Which is odd, as the php_date_set_tzdb is a symbol that PHP has made available since Date/Time support was added. I asked the user to check whether his PHP binary exported the symbol by using nm, and the answer was:

$ nm sapi/cli/php | grep php_date_set_tzdb
000000000018bc75 t php_date_set_tzdb

The small letter t refers to a local only text (code) section: the symbol was not made available to shared libraries to use. In other words, extensions that make use of the symbol, such as the timezonedb extension can not find it, and hence fail to load.

In PHP, the php_date_set_tzdb function is defined with the PHPAPI prefix, which explicitly should mark the symbol as a global symbol, so that shared libraries can find it:

PHPAPI void php_date_set_tzdb(timelib_tzdb *tzdb)

The PHPAPI macro is used, because on Windows it is required to explicitly make symbols available:

#ifdef PHP_WIN32
#       define PHPAPI __declspec(dllexport)

On Linux (with GCC) symbols are made available unless marked differently (through for example the static keyword).

When looking into this, we discovered that his PHP binary had no exported symbols at all.
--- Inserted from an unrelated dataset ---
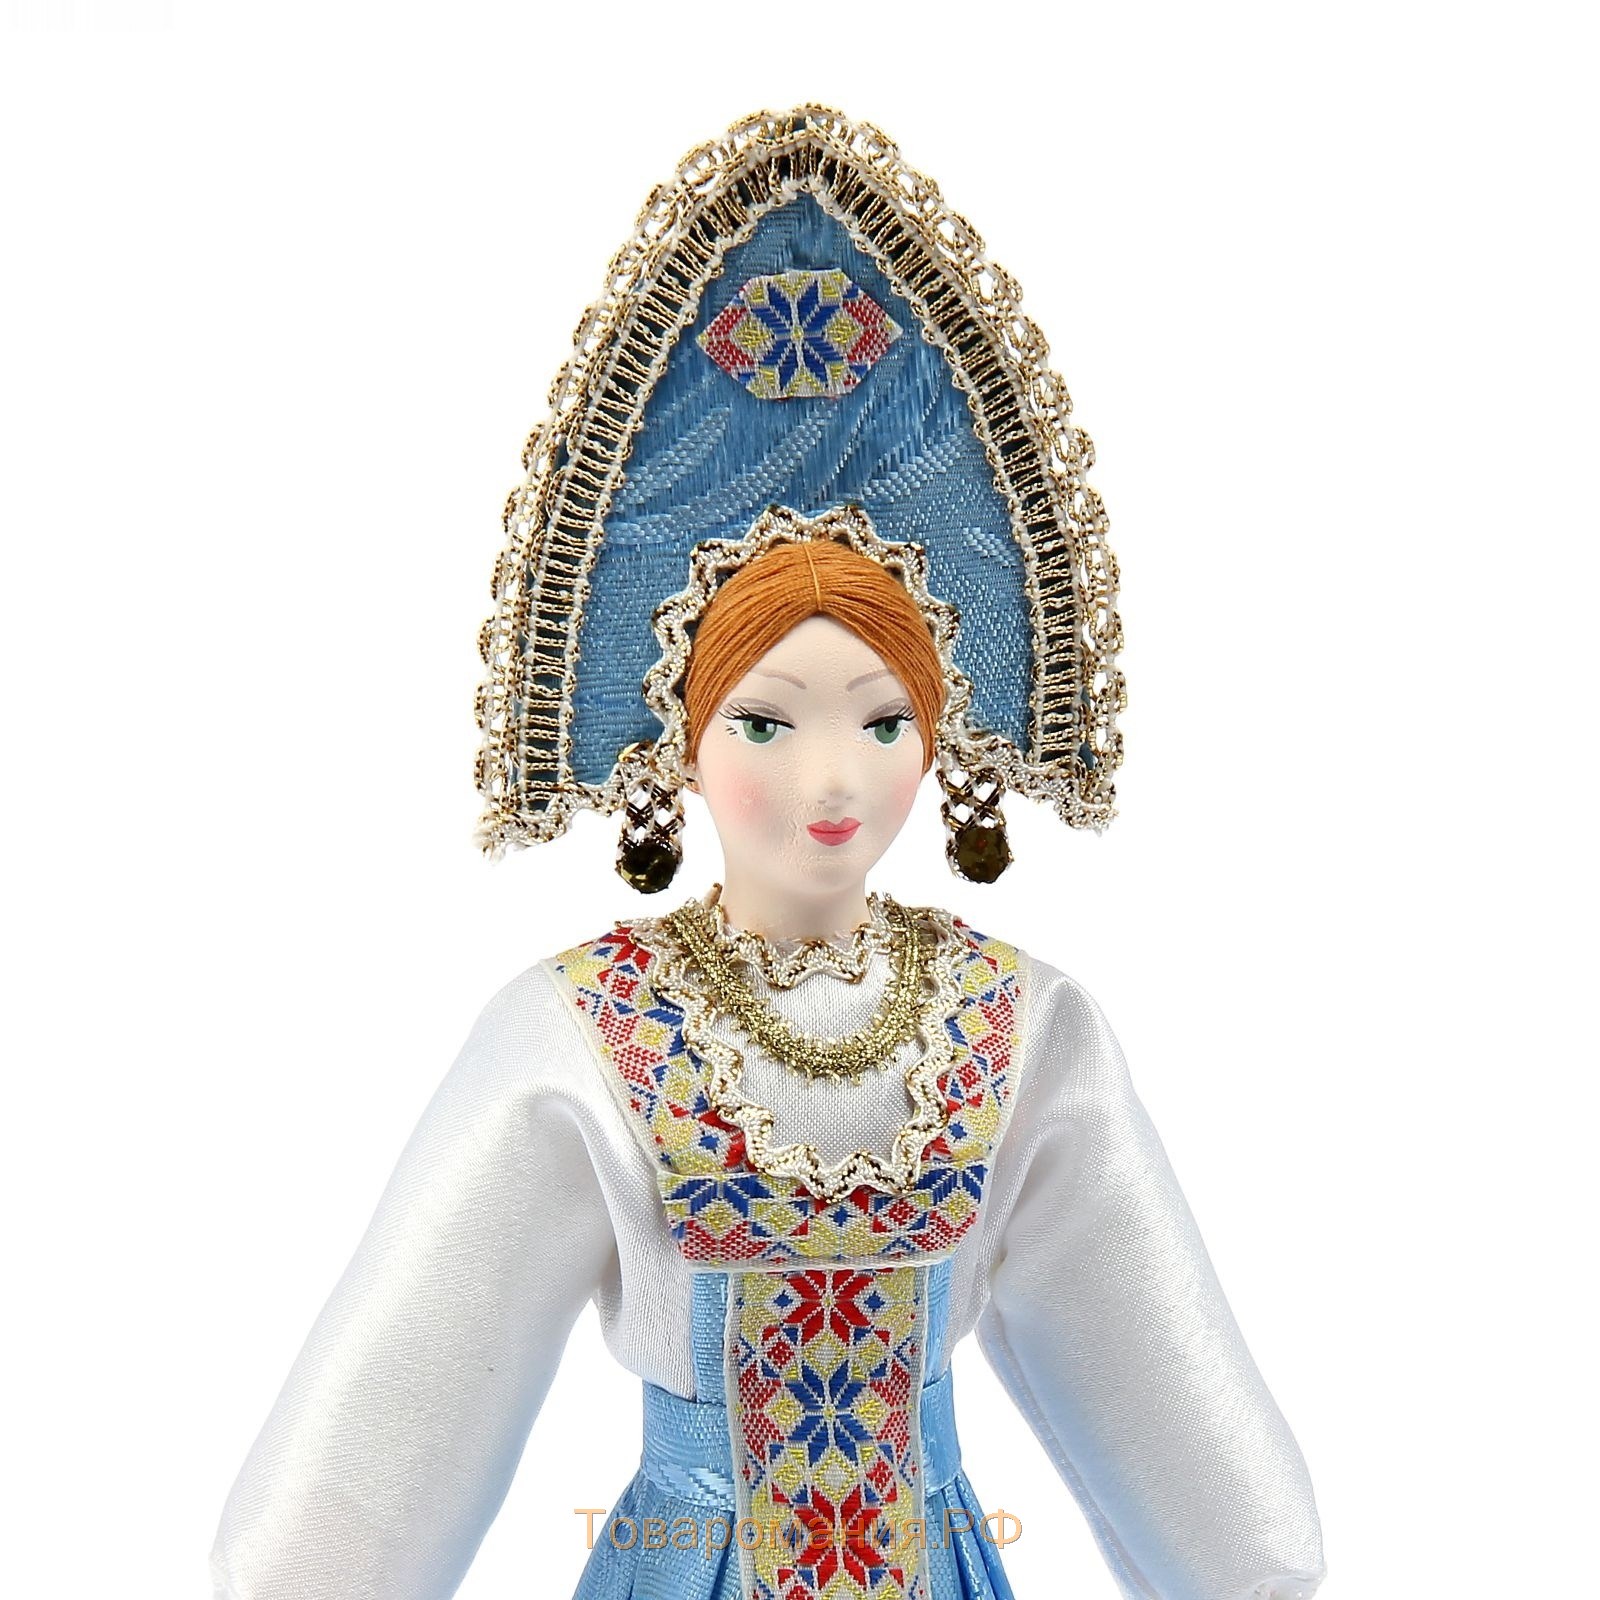 Сувенирная кукла "Мирослава" в праздничном костюме, Россия

After doing a bit more research, I found that more recent GCC versions support a specific compiler flag that changes the default behaviour of symbol visibility: -fvisibility=hidden. In recent versions of PHP, we enable this flag if it is supported by the installed GCC version through a check in the configure system:

dnl Mark symbols hidden by default if the compiler (for example, gcc >= 4)
dnl supports it. This can help reduce the binary size and startup time.
AX_CHECK_COMPILE_FLAG([-fvisibility=hidden],
                      [CFLAGS="$CFLAGS -fvisibility=hidden"])

As this makes all symbols hidden by default, the same commit also made sure that when the PHPAPI moniker is used, we set the visibility of these specific symbols back to visible:

#   if defined(__GNUC__) && __GNUC__ >= 4
#       define PHPAPI __attribute__ ((visibility("default")))
#   else
#       define PHPAPI
#   endif

When the original reporter saw this, he mentioned that was using an older GCC version: 3.4, and that he could see the -fvisibility=hidden flag when running make, just like here:

… cc -Iext/date/lib … -fvisibility=hidden … -c ext/date/php_date.c -o ext/date/php_date.lo

Because his GCC supported the -fvisibility=hidden flag, the check in the configure script enabled this feature, but because his GCC version was older than version 4, the counter-acting ((visbility("default"))) attribute was not set for symbols that are explicitly marked with the PHPAPI specifier. Which means that no symbols were be made available for shared PHP extensions to use.

The user created a bug report for this issue, but as GCC 3.4 is a really old version, it seems unlikely that this issue will get fixed, unless somebody contributes a patch. In the end, it was quite a fun detective story and to get to the bottom of this!